19. I accept that the foundation of an application under R. 5(8) (now Rule 22-5(8)) is, indeed, disclosed by the pleadings. The examination of the pleadings will answer the first question to be addressed: do common claims, disputes and relationships exist between the parties? But the next question which one must ask is: are they “so interwoven as to make separate trials at different times before different judges undesirable and fraught with problems and economic expense”? Webster v. Webster at 182, 10 R.F.L. (2d) 148, 101 D.L.R. (3d) 248 (C.A.). That second question cannot, in my respectful view, be determined solely by reference to the pleadings. Reference must also be made to matters disclosed outside the pleadings:
(1) Will the order sought create a saving in pre-trial procedures, (in particular, pre-trial conferences)?;
(2) Will there be a real reduction in the number of trial days taken up by the trials being heard at the same time?;
(3) What is the potential for a party to be seriously inconvenienced by being required to attend a trial in which that party may have only a marginal interest?; and
(4) Will there be a real saving in experts’ time and witness fees?
This is in no way intended to be an exhaustive list. It merely sets out some of the factors which, it seems to me, ought to be weighed before making an order under R. 5(8) (now Rule 22-5(8)).
 To these considerations, Master Joyce, as he then was, added two more in the case of Shah v. Bakken,  B.C.J. No. 2836, 20 B.C.L.R. (3d) 393, at para. 15:
Other factors which in my view can be added to the foregoing list are:
(5) Is one of the actions at a more advanced stage than the other? See: Forestral Automation Ltd. v. RMS Industrial Controls Inc. et al. (No.2), unreported, March 6, 1978, No. C765633/76, Vancouver (B.C.S.C.).
(6) Will the order result a delay of the trial of one of the actions and, if so, does any prejudice which a party may suffer as a result of that delay outweigh the potential benefits which a combined trial might otherwise have?

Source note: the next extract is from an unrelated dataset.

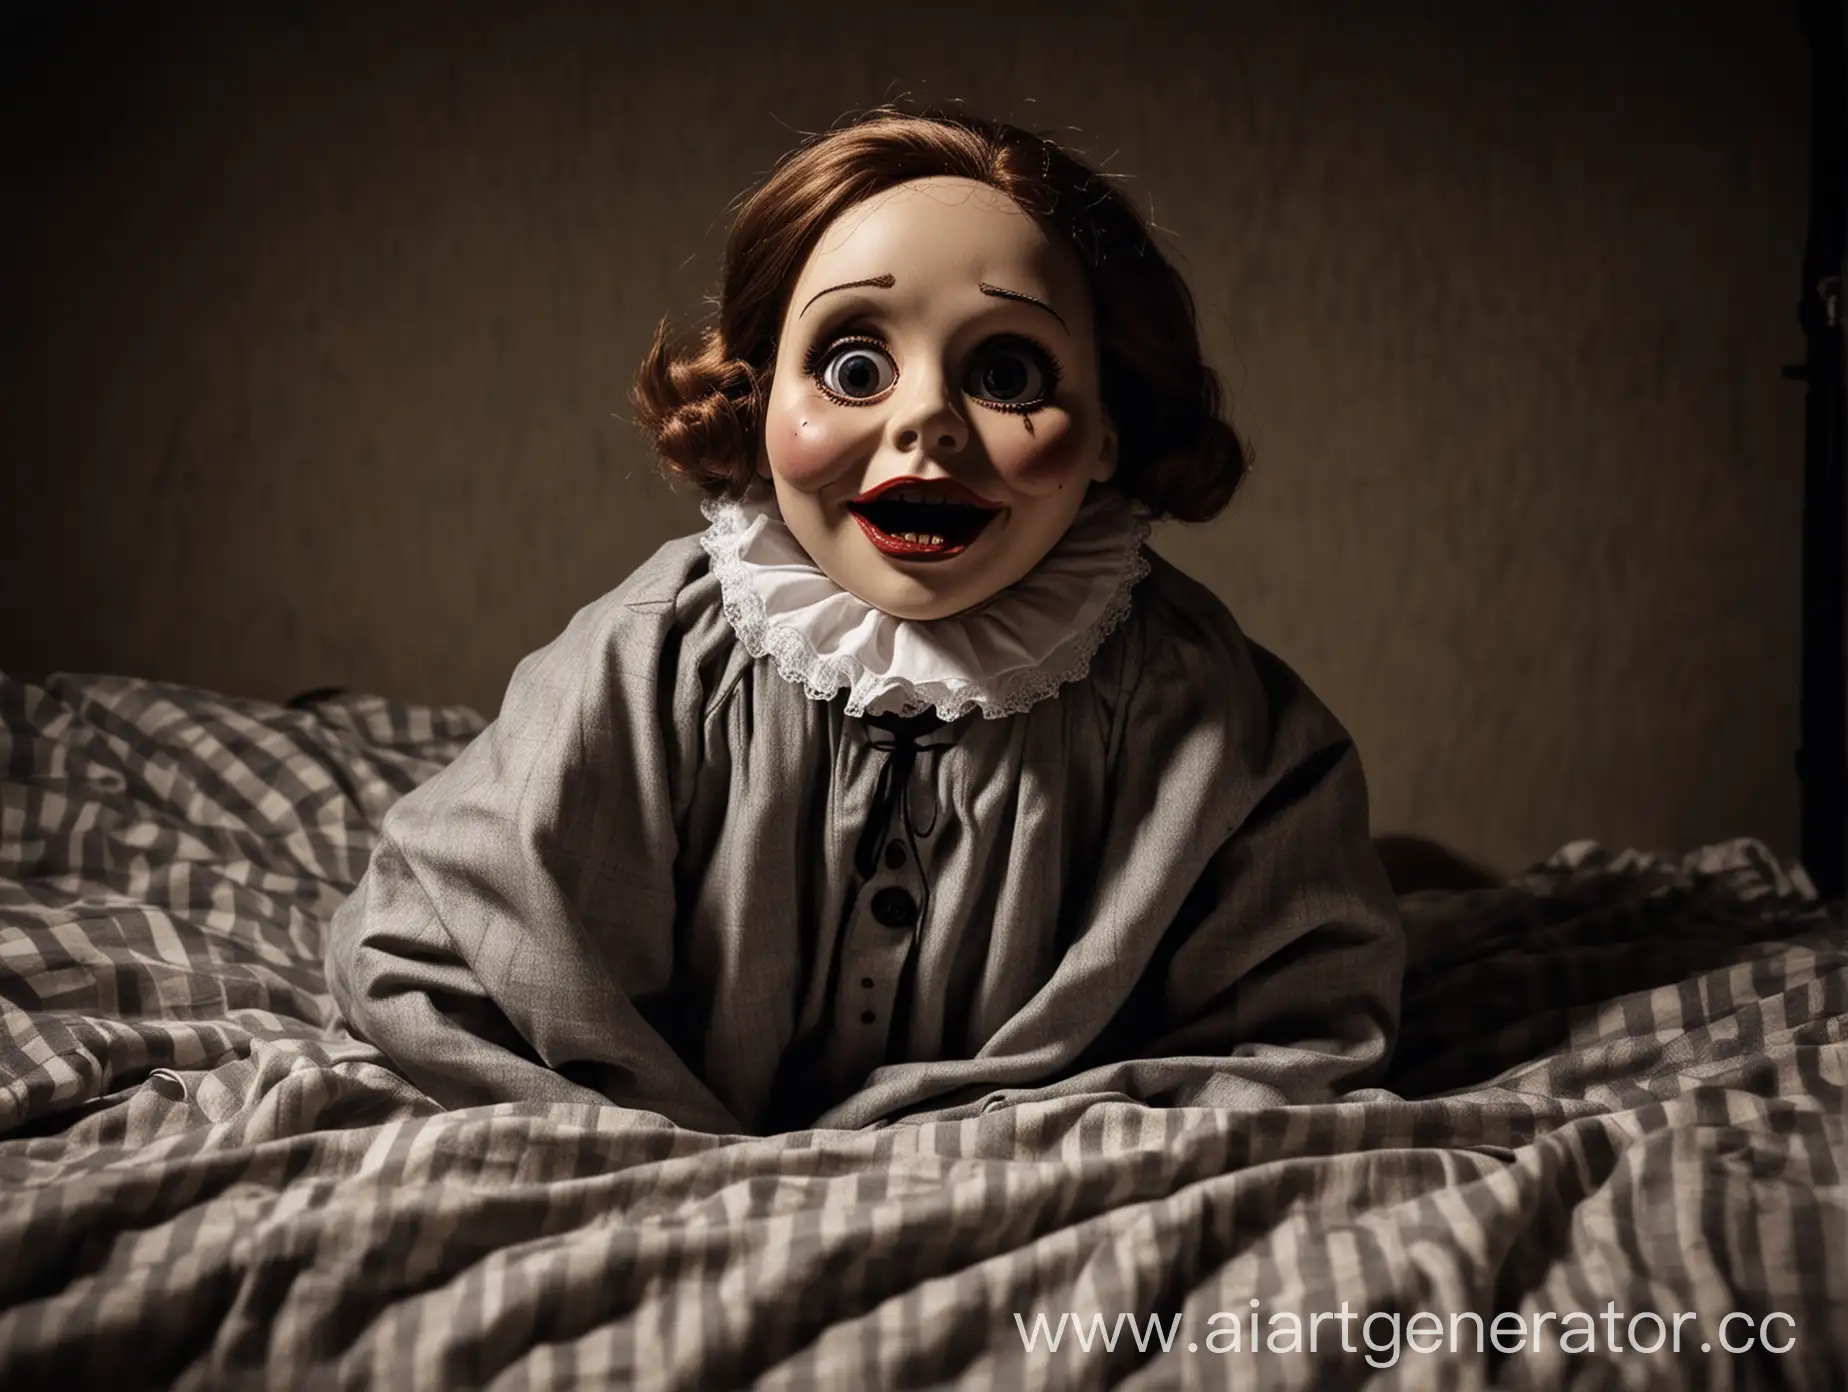 Horror-Movie-Style-20th-Century-Ventriloquist-Doll-Superhero

 In all of the circumstances, although I am not fully satisfied that the GM/Yan and GM/Jarvis actions on the one hand and the LM/Jarvis on the other, are so interwoven as to make separate trials “fraught with problems and economic expenses”, I will grant the order sought. In the case of Murray v. Morgan,  B.C.J. No. 2871, Master McCallum paraphrased Master Kirkpatrick’s analysis in Merritt as “will the order make sense in the circumstances”. I am satisfied that it will. It appears there will be some reduction in the overall time required for trial and in the time and expense related to expert evidence called on behalf of both GM and LM. The resolution of liability in the GM/Yan case in which Jarvis has no interest, may be dealt with quite expeditiously:1.5 days out of a 10 day trial.